Appealing to common sense for a critical definition in a binding license agreement? What could go wrong!


I don't know what the intended audience is. But for managing many instances among a few mac studios, it's much better to invest an afternoon to get the right qemu command and just use that, instead of all these fancy UIs.


Just use lima. https://lima-vm.io/

You have an option to use Native or QEMU.


Or, if you're doing containers (like Tart/Virt): colima. (which uses lima, of course).

https://github.com/abiosoft/colima


From a quick look at Lima, I don't think it's exactly the same thing. Tart allows running macOS and Linux VMs, while Lima seems focused on Linux VMs only. I don't use Tart, but having infrastructure-as-code-like tooling that can be used to define macOS environments (and store the VMs in container registries) sounds useful and I'm not aware of another solution that does it.


Does Lima only support Linux guests? The page seems to suggest so. Tart supports macOS guests too.


Also check out https://www.getvmtek.com for something very polished. We just released a huge update a few days ago.


Kind of a dark pattern to hide the license price (last line in the AppStore page -> in-app purchases). Should be really prominently shown on the "buy now" page.

Also the features page is garbage. Wall of text with fairly generic stuff while it's still unclear: Can it run Windows? Can it run Linux? Arm64, x64 or both? MacOS?

Your main competition is VMWare Fusion and Parallels. See what features they advertise, make sure you are better and cheaper. Currently it looks like a university project rather than a real product.


It is a webpage that was quickly put together. We are a small company and our focus has been on the product. You can run Linux and macOS currently. That is listed on the features page as well as the app store product listing.

There is no dark pattern, it is actually a problem with the way Apple allows developers to sell software on the Mac App Store. We don't have proper control over the process and thus end up with this convoluted purchasing system that is more geared towards subscriptions - which are the real dark pattern nowadays. We sell without any subscriptions - at a very fair price that is extremely competitive with other products.
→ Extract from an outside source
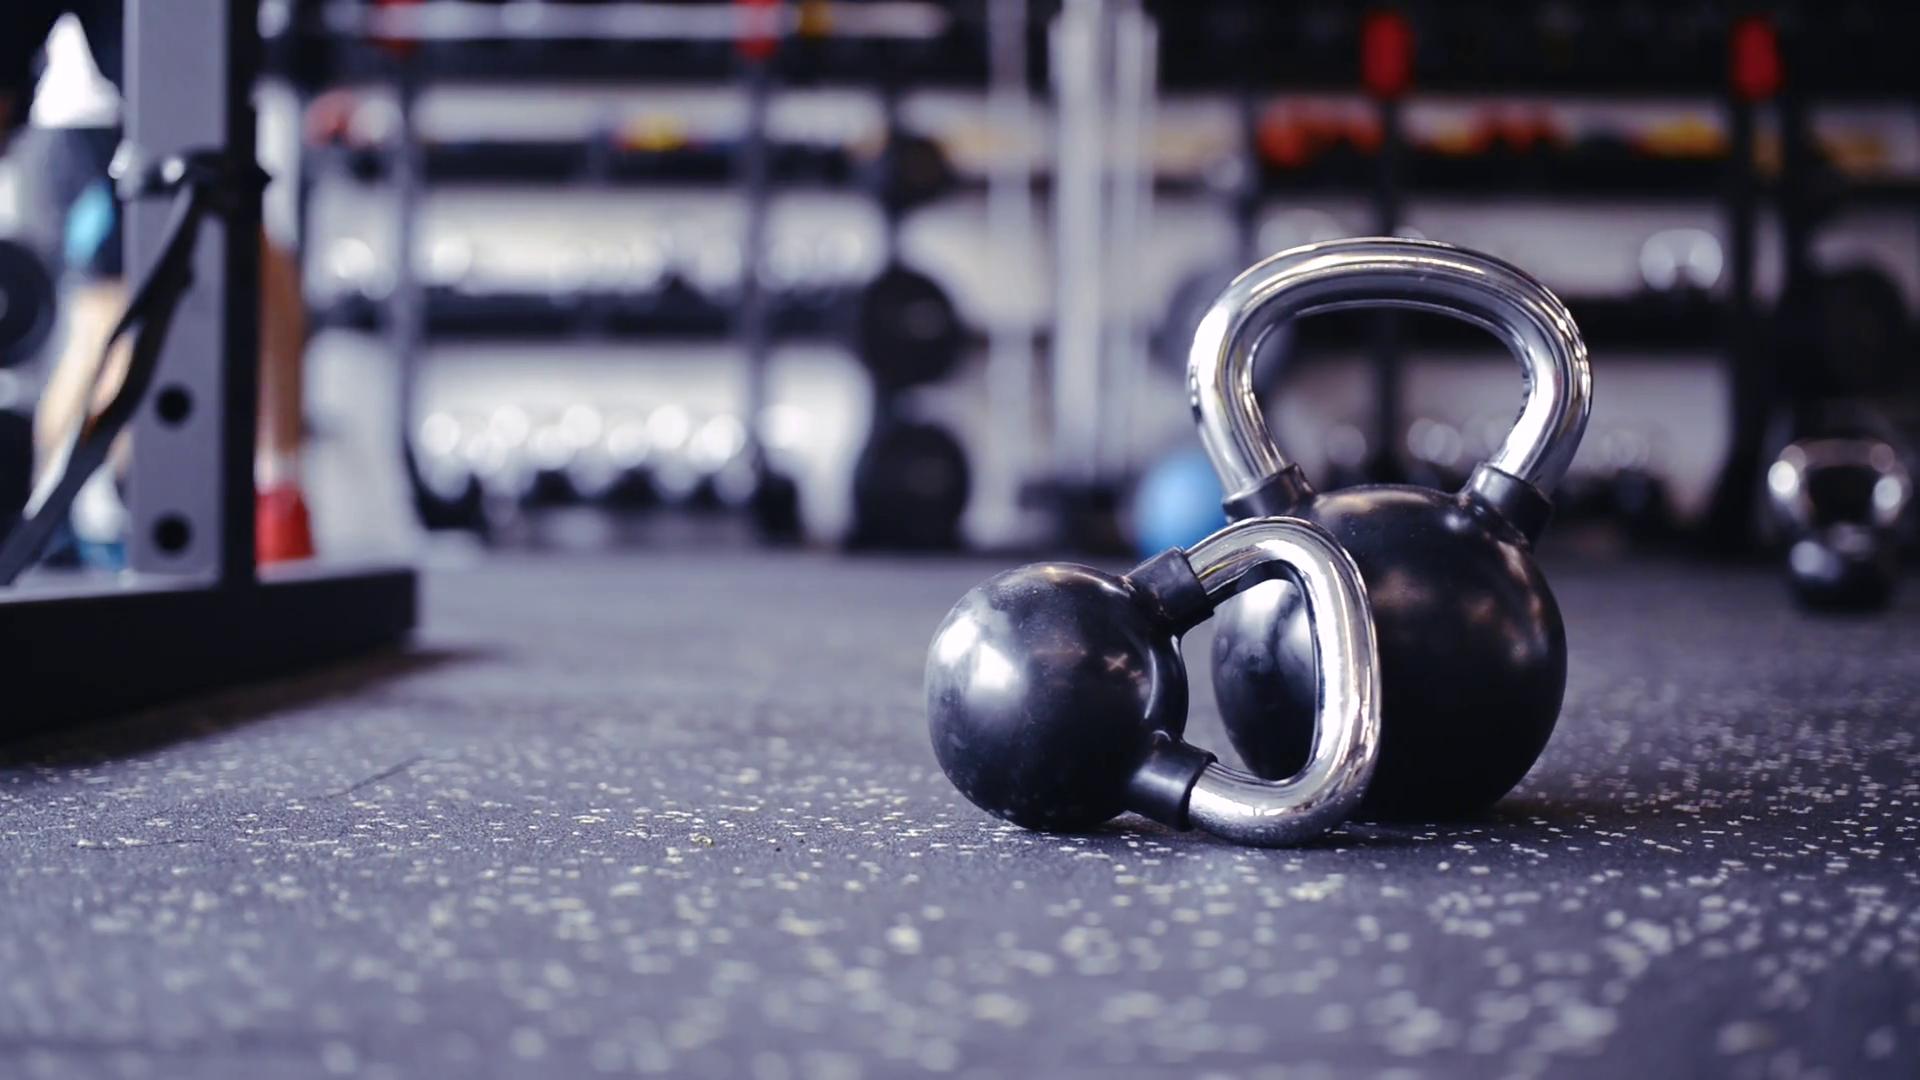 videoblocks-pair-of-kettlebells-laid-on-the-floor-in-gym_ssncefuz_thumbnail-full01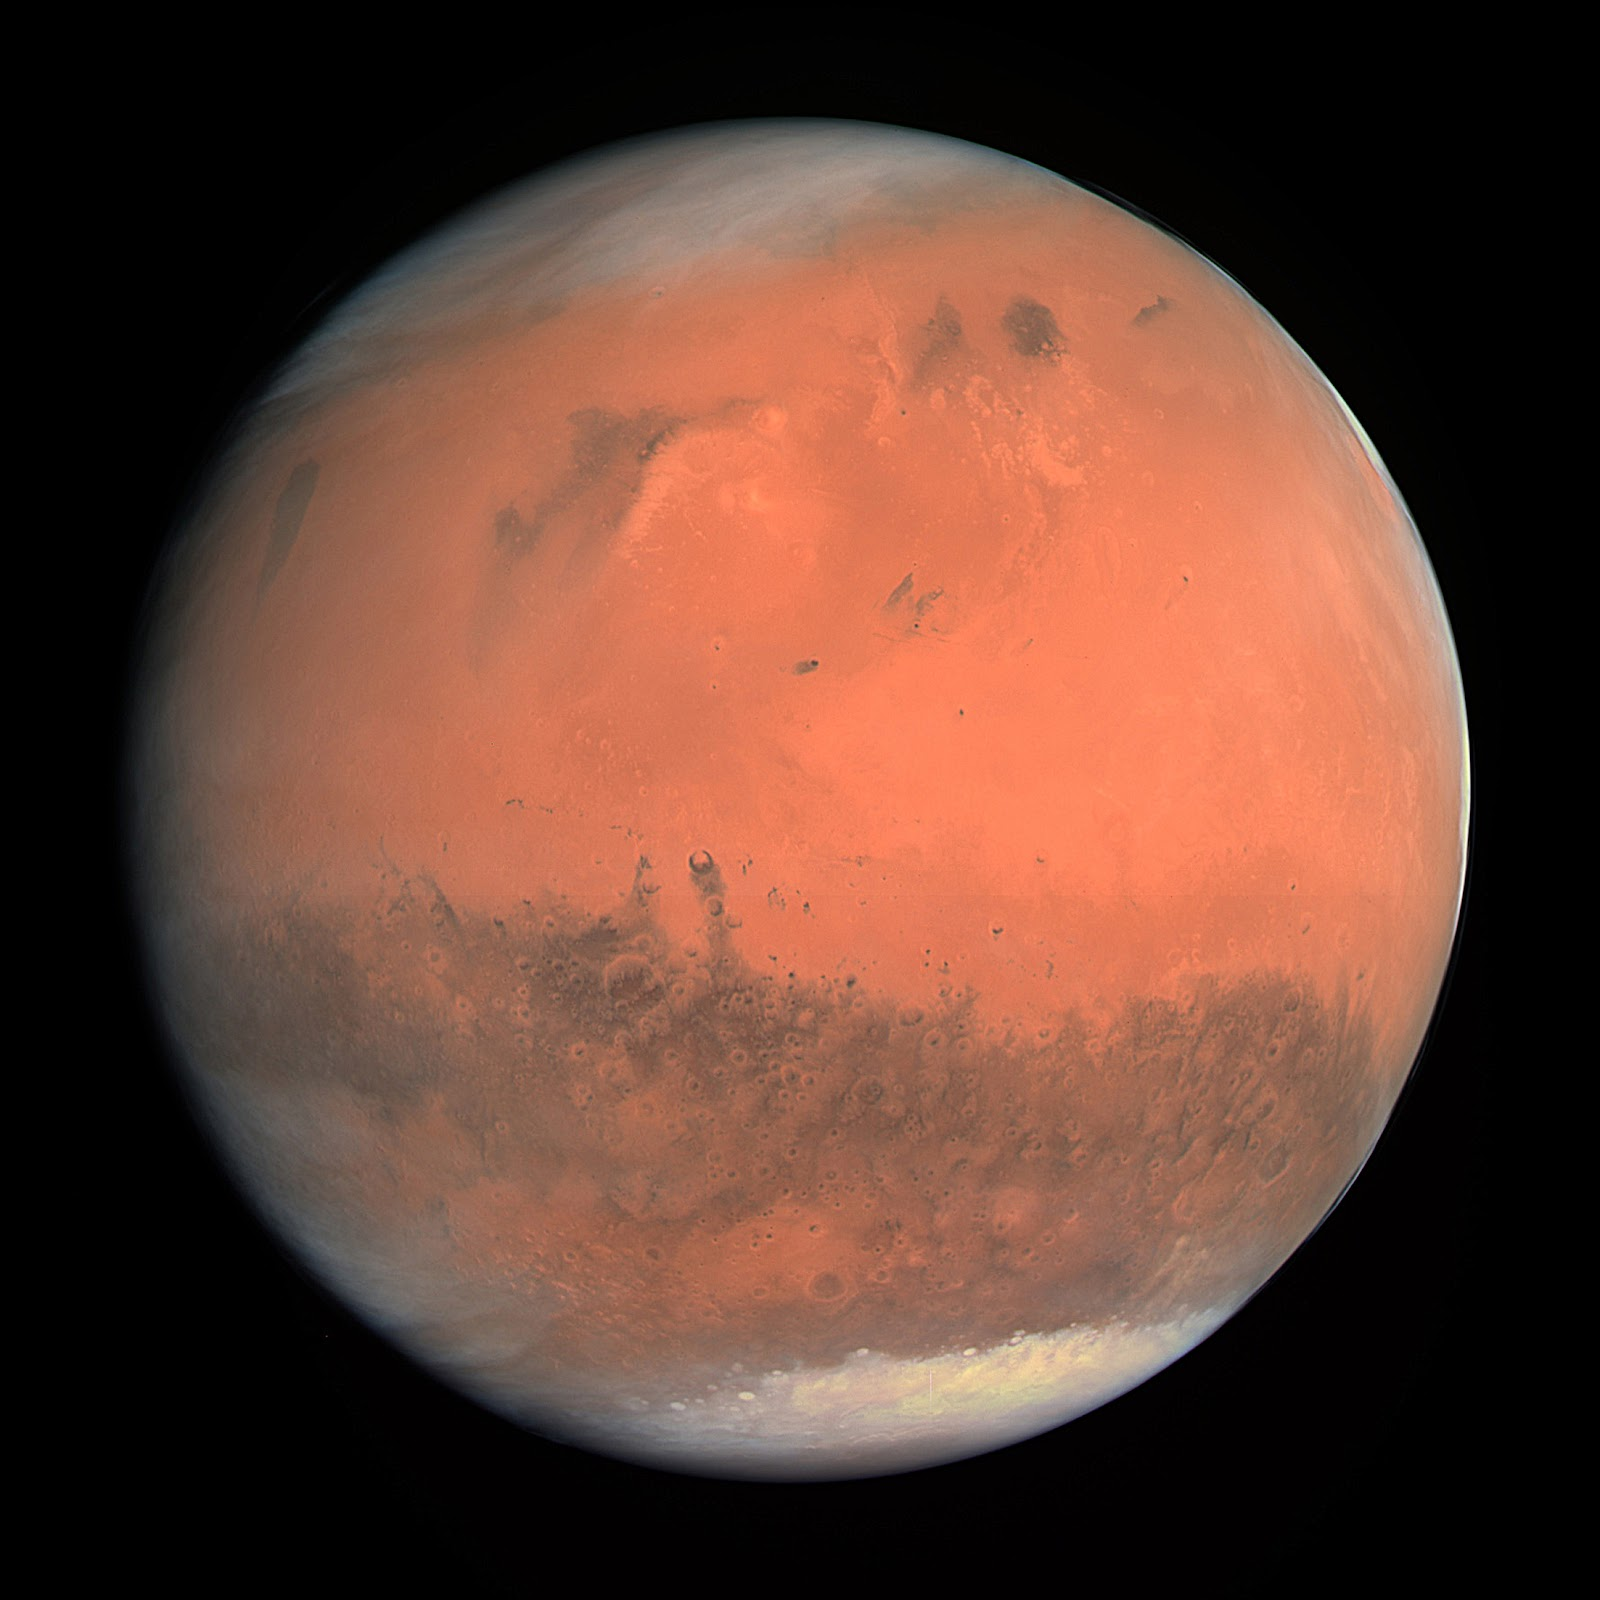 https://upload.wikimedia.org/wikipedia/commons/0/02/OSIRIS_Mars_true_color.jpg

The old upgrade pricing model was a lot more fair to both developers and users and we are sticking to it. This is the only way to offer a free trial on the App Store without requiring a separate installation, which would be inconvenient for everyone.

Far from a university project - but your opinion is yours to keep. It is a shame you are so negative, as it really is a labour of love and a quality Mac app. In fact we have a lot of firsts here, no one has really done a lot of these things (snapshots, suspend & resume, proper dynamic resolution with retina support) with the new Apple framework yet.